■ **PROMPT**
The expected output is an exact copy of each line from the line with "Bild von 40" through the end of the data below, with no pictures in it.

■ **COLLECTED DATA**
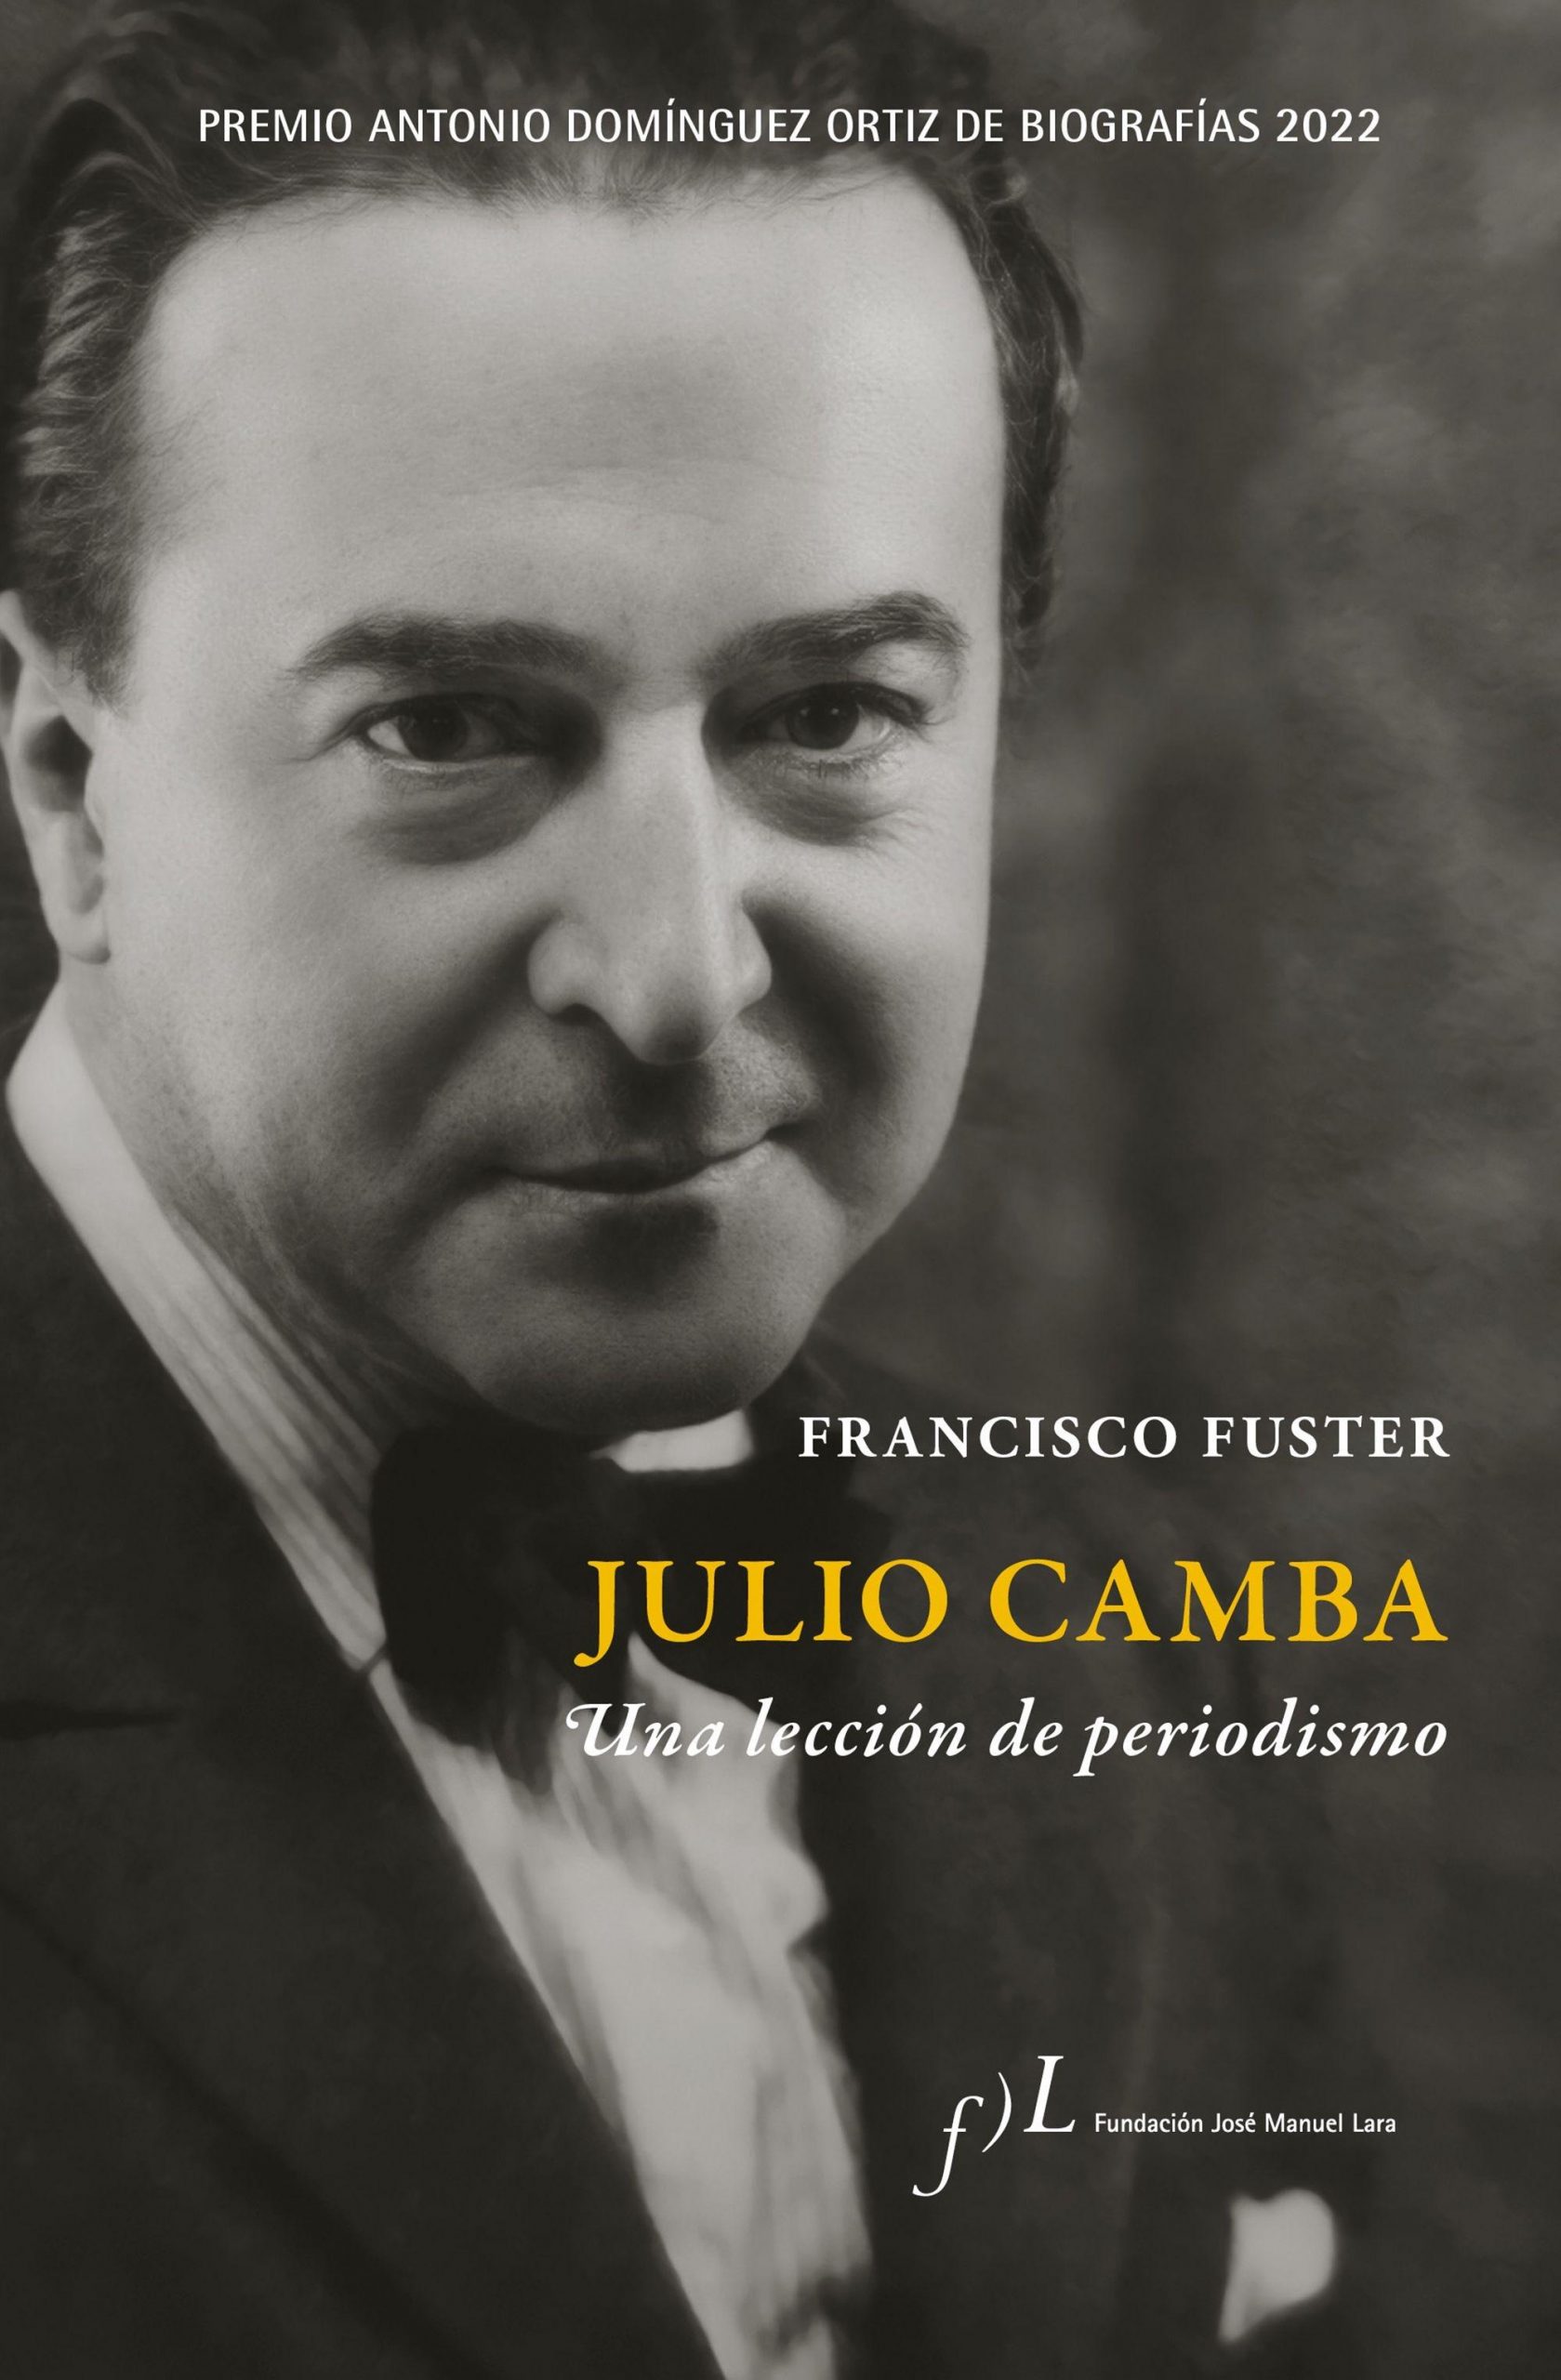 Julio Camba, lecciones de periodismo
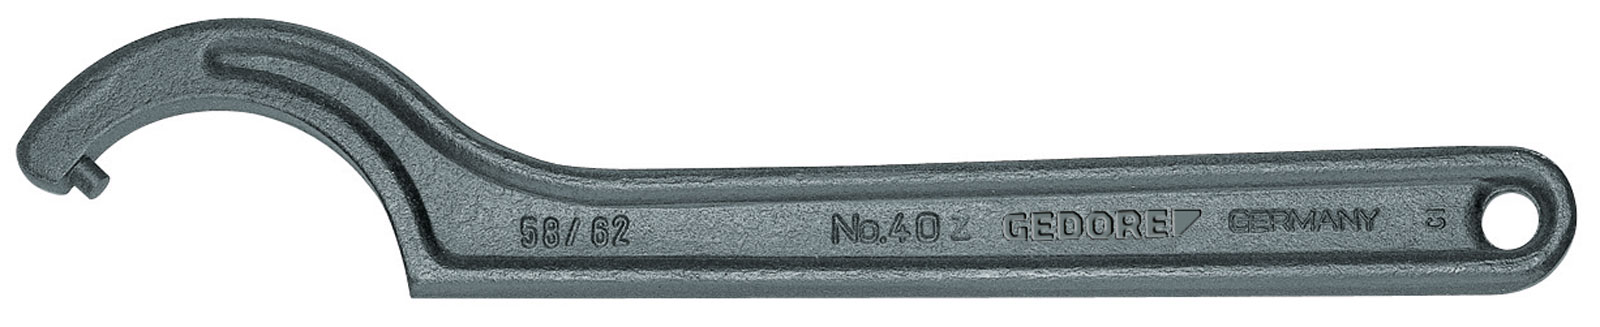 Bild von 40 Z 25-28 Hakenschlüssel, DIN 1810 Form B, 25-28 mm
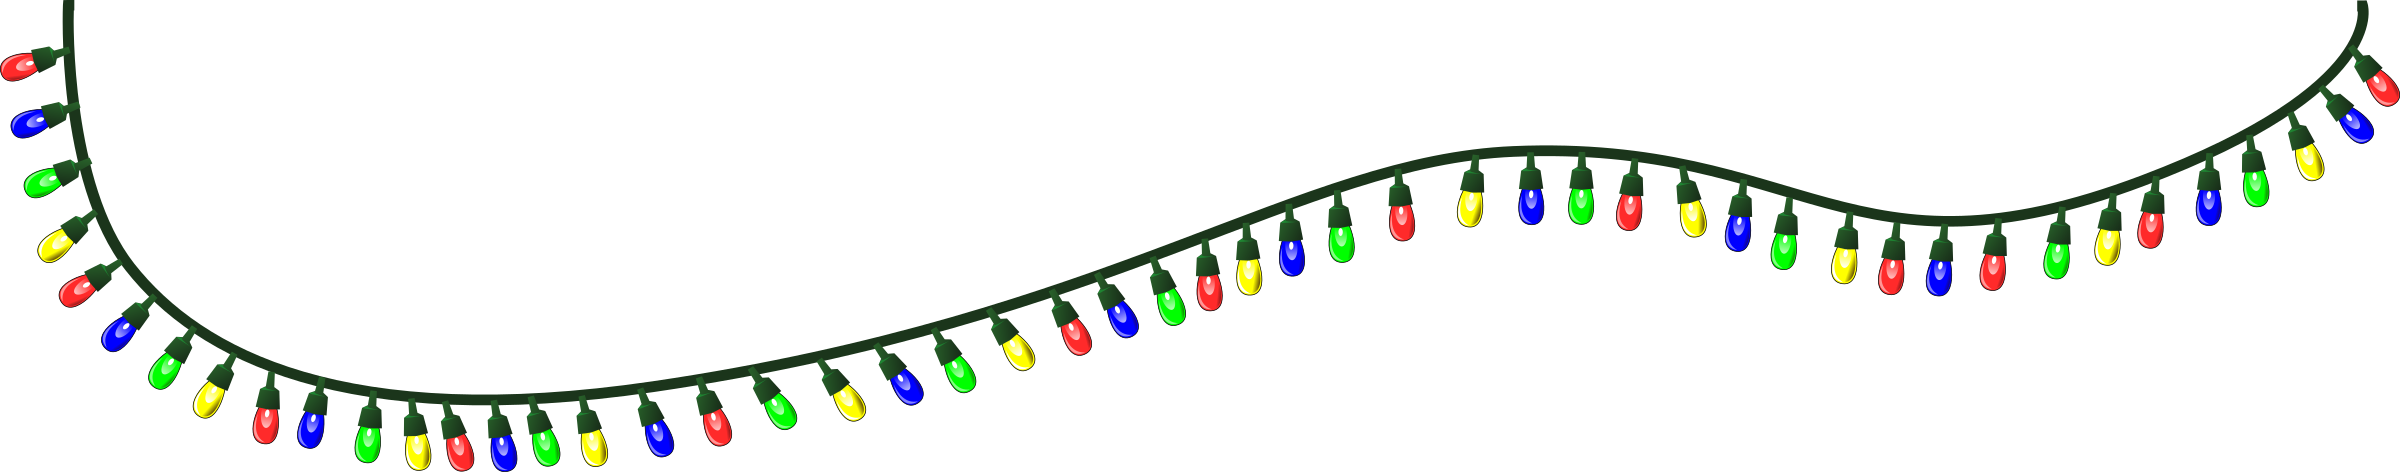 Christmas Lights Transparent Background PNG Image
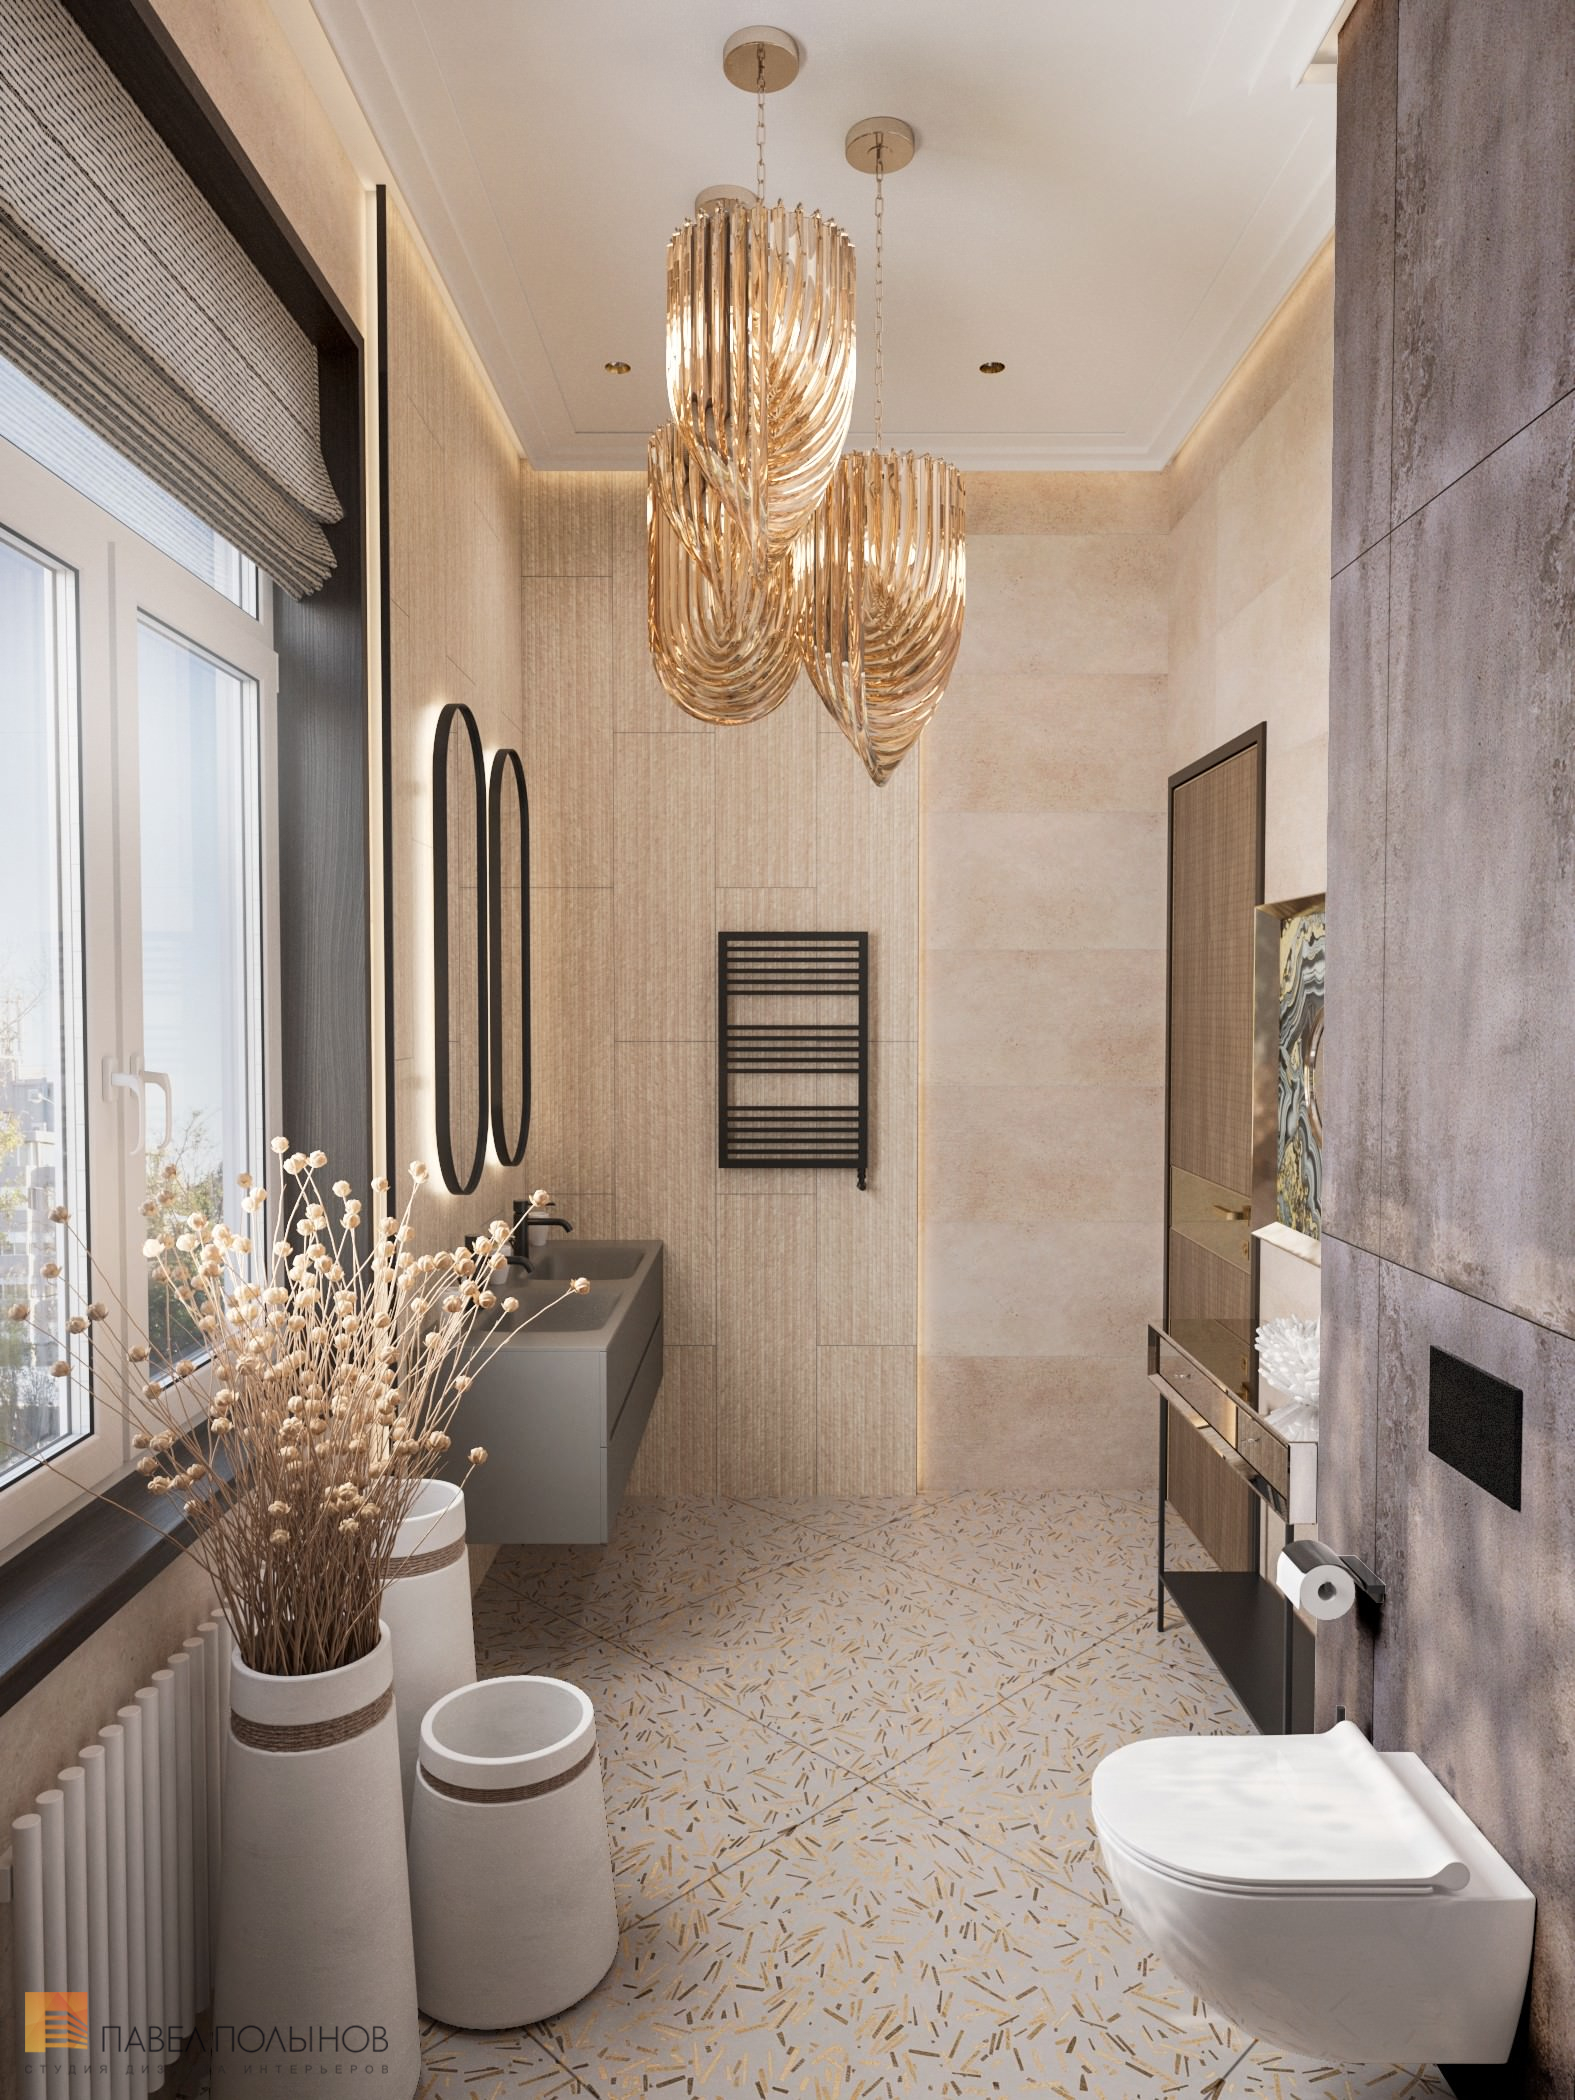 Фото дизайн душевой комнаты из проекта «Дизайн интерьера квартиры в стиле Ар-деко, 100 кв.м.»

■ **RESPONSE TO THE TASK**
 Bild von 40 Z 25-28 Hakenschlüssel, DIN 1810 Form B, 25-28 mm
 Christmas Lights Transparent Background PNG Image
 Фото дизайн душевой комнаты из проекта «Дизайн интерьера квартиры в стиле Ар-деко, 100 кв.м.»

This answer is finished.